Syntax checks filter the obvious garbage and nothing else
Run a regex against [email protected] and you'll catch the obvious malformed strings. Use a real RFC 5322 parser and you'll catch a few more (john..doe@example.com, leading whitespace, addresses with control characters).
import re
EMAIL_RE = re.compile(r"^[^@\s]+@[^@\s]+\.[^@\s]+$")
EMAIL_RE.match("definitelynotreal@gmail.com") # matches
definitelynotreal@gmail.com passes every syntax check ever written. It does not exist. Syntax validation tells you whether a string could be an address; it tells you nothing about whether it is one.
You still want this as a first pass — there's no point burning network calls on not an email. But anyone who ships a regex as their email verifier is solving a different problem than they think they are.
DNS proves the domain accepts mail (and nothing else)
dig +short MX example.com
# 0 mail.example.com.
If a domain has no MX record (and no fallback A record per RFC 5321), it doesn't accept mail at all. Marking the address invalid is correct. This catches typo-domains, expired domains, and domains that were never set up for email.
But gmail.com has MX records. So does every Fortune 500. So does every catch-all spam trap. MX-exists tells you the domain is in the mail business, not that the address you care about exists on it.
Talking SMTP to the server
This is where every "real" verifier lives. You connect to the destination MX server, walk through the SMTP handshake, and stop one step short of actually sending the email:
$ openssl s_client -starttls smtp -connect gmail-smtp-in.l.google.com:25 -crlf
220 mx.google.com ESMTP ready
EHLO verifier.example.com
250-mx.google.com at your service
...
MAIL FROM:<probe@verifier.example.com>
250 2.1.0 OK
RCPT TO:<linus@gmail.com>
550 5.1.1 The email account that you tried to reach does not exist
QUIT
The signal is in the RCPT TO response:
-
250→ server says it would accept mail for this address -
550/551→ mailbox doesn't exist -
4xx→ temporary failure, try again later - nothing, eventually a timeout → ¯\_(ツ)_/¯
A naive verifier writes this loop in twenty lines and ships. It is wrong roughly as often as it is right, for reasons that have nothing to do with the code.
Why the SMTP handshake lies
Modern mail servers know that automated probers exist, and they don't make life easy for them.
Catch-all domains. Many companies configure their inbound to accept any address at their domain and route unmatched ones to a default mailbox or a black hole.
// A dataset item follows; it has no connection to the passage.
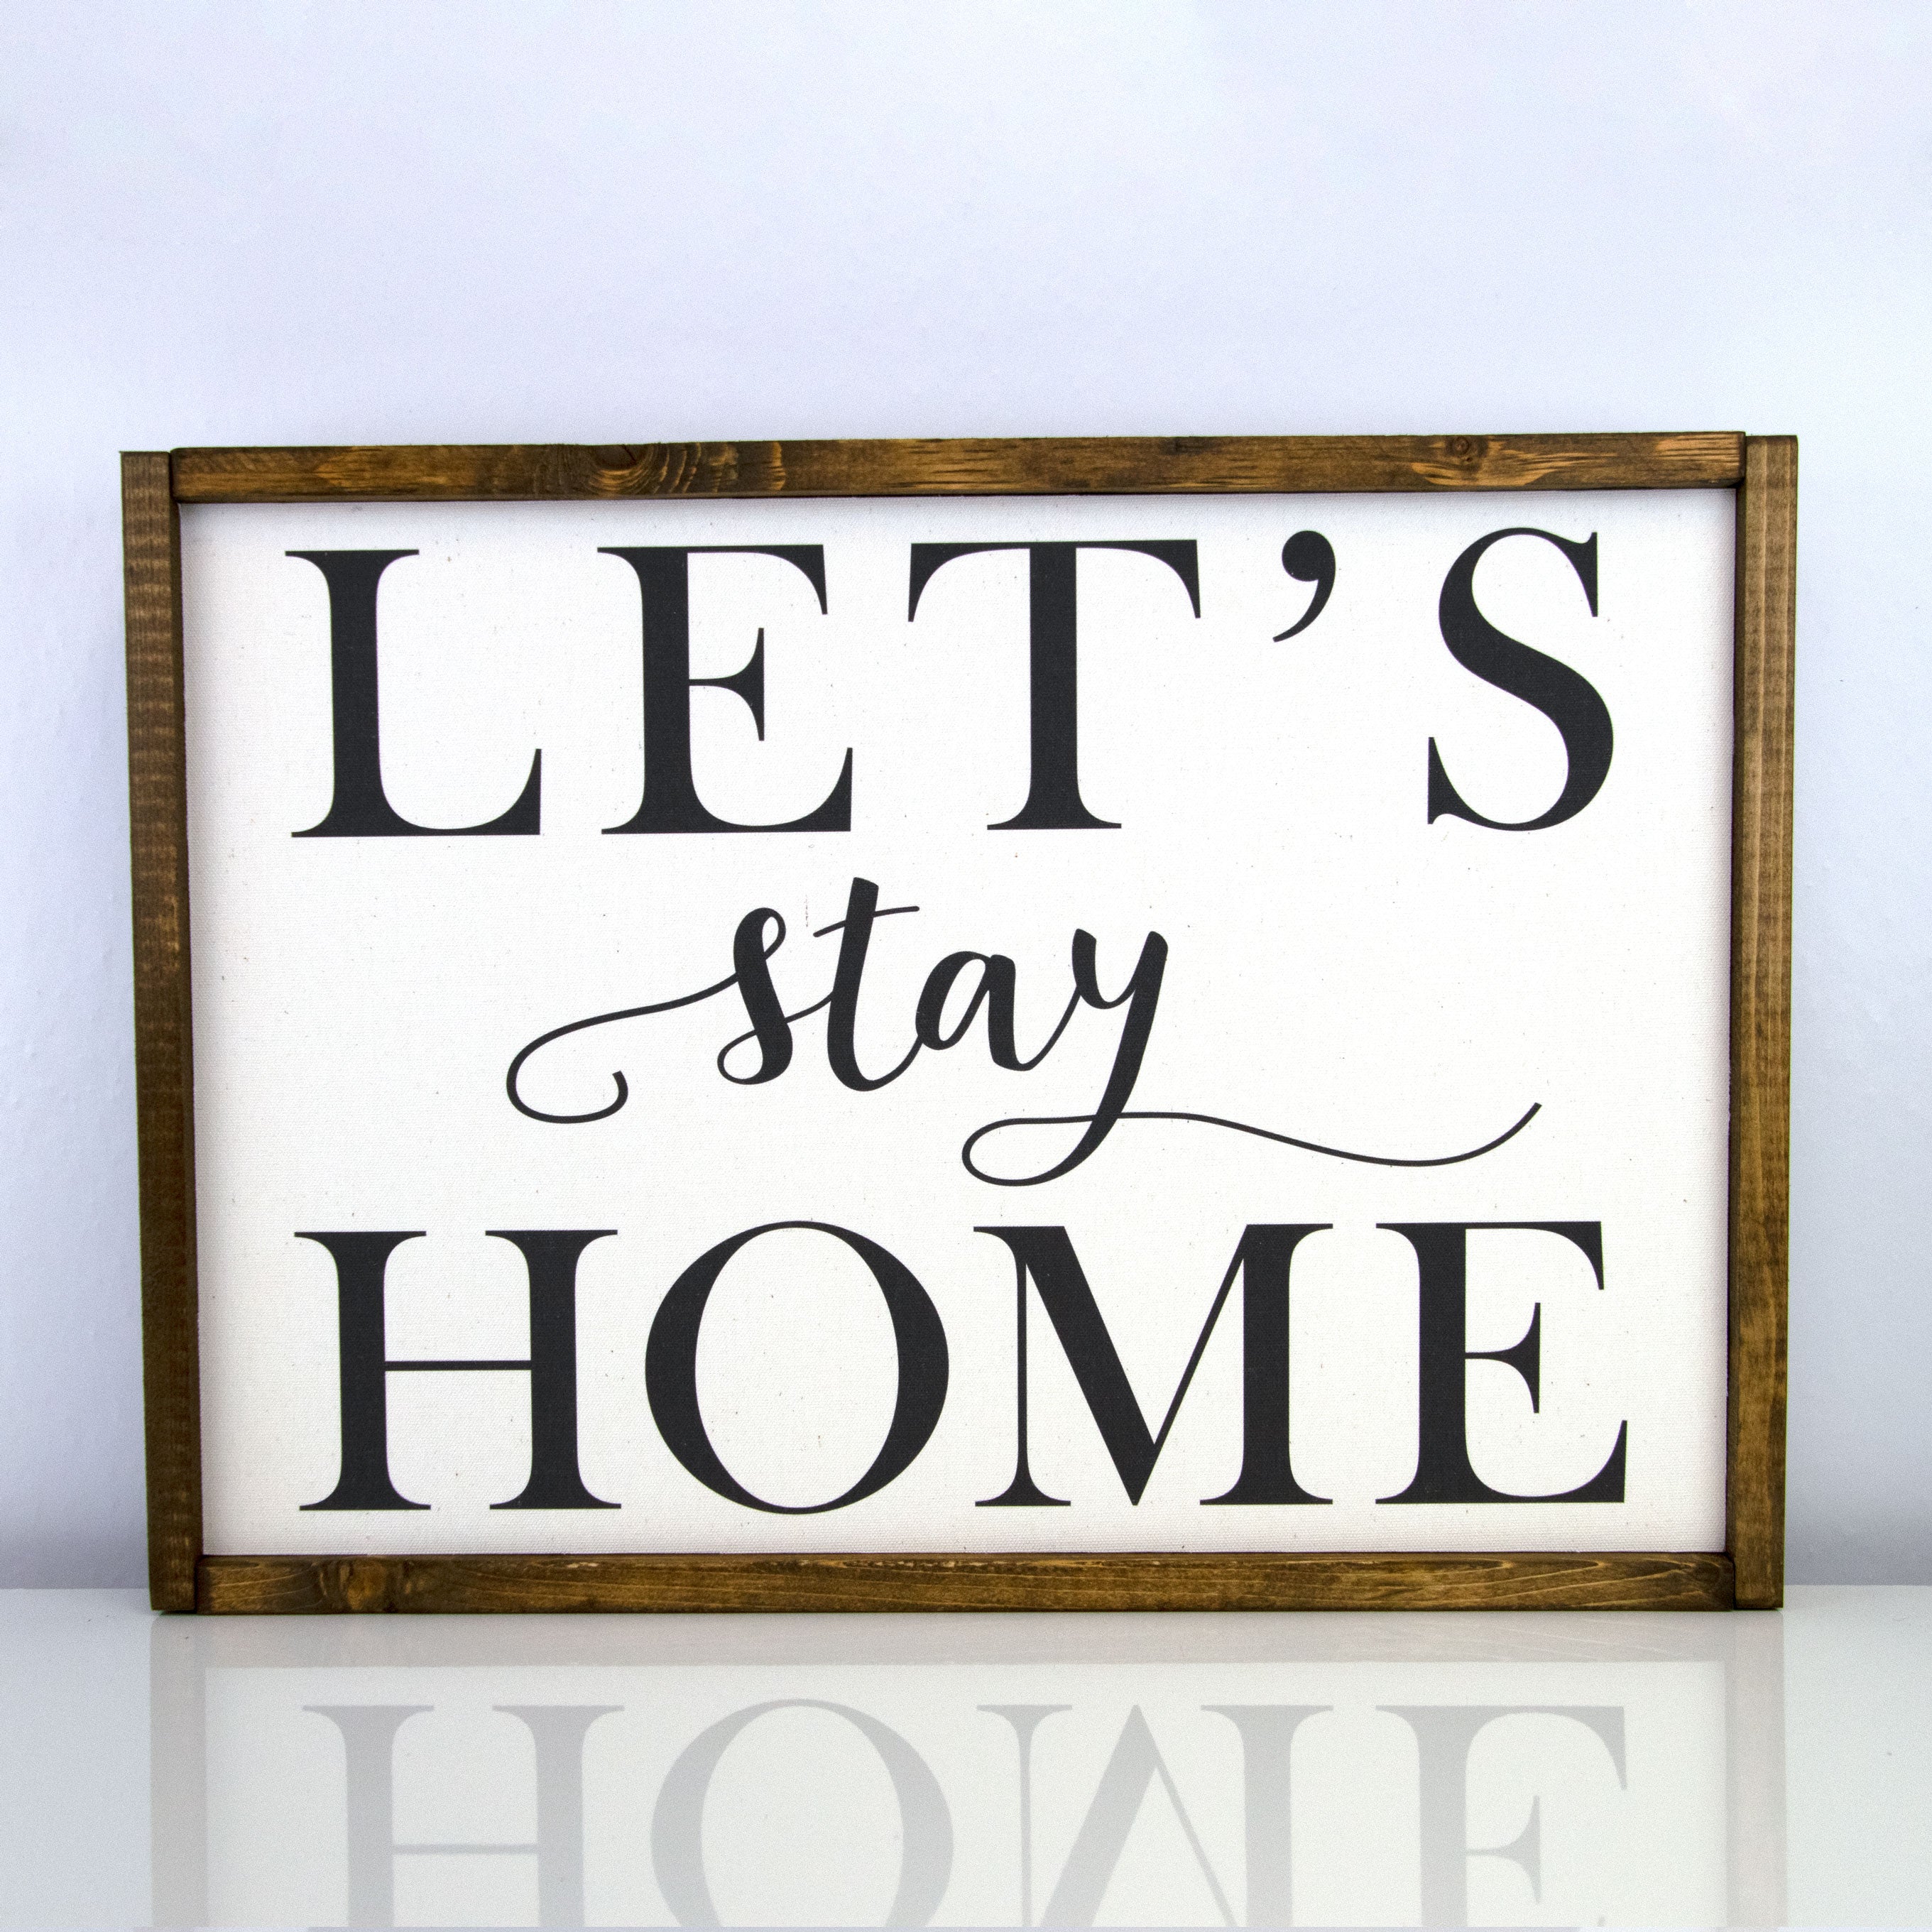 Let's Stay Home | 14 x 20 Classic

Probe xq8z29zz@somecompany.com and you get 250 OK. Probe ceo@somecompany.com and you get 250 OK. They both look identical from the outside; one of them is the CEO and the other is gibberish. If the domain is catch-all, RCPT TO is meaningless.
You detect this by sending a deliberate-fake probe first and inferring catch-all from a positive response — something like definitely-does-not-exist-12345@domain.com. Any verifier that doesn't do this catch-all check is silently classifying random nonsense as valid mail on every catch-all domain it sees.
Greylisting. A receiver returns 451 try again later on first contact from an unknown sender. Legit MTAs queue and retry minutes or hours later. Probers usually don't. Naive verifiers mark these as failed; the addresses are fine.
Anti-probe behavior on the big providers. Gmail, Outlook, Office 365, Proofpoint, Mimecast, and several other large inbound systems either always return 250 regardless of the mailbox, or always return 4xx to anything that smells like a verifier. A handshake against gmail.com does not tell you whether the address exists on Gmail; it tells you that Gmail received a connection. Any verifier that reports a clean "valid" on a Gmail address from a single RCPT TO probe is making it up. Serious tools maintain a list of these providers and fall back to other signals when they hit one.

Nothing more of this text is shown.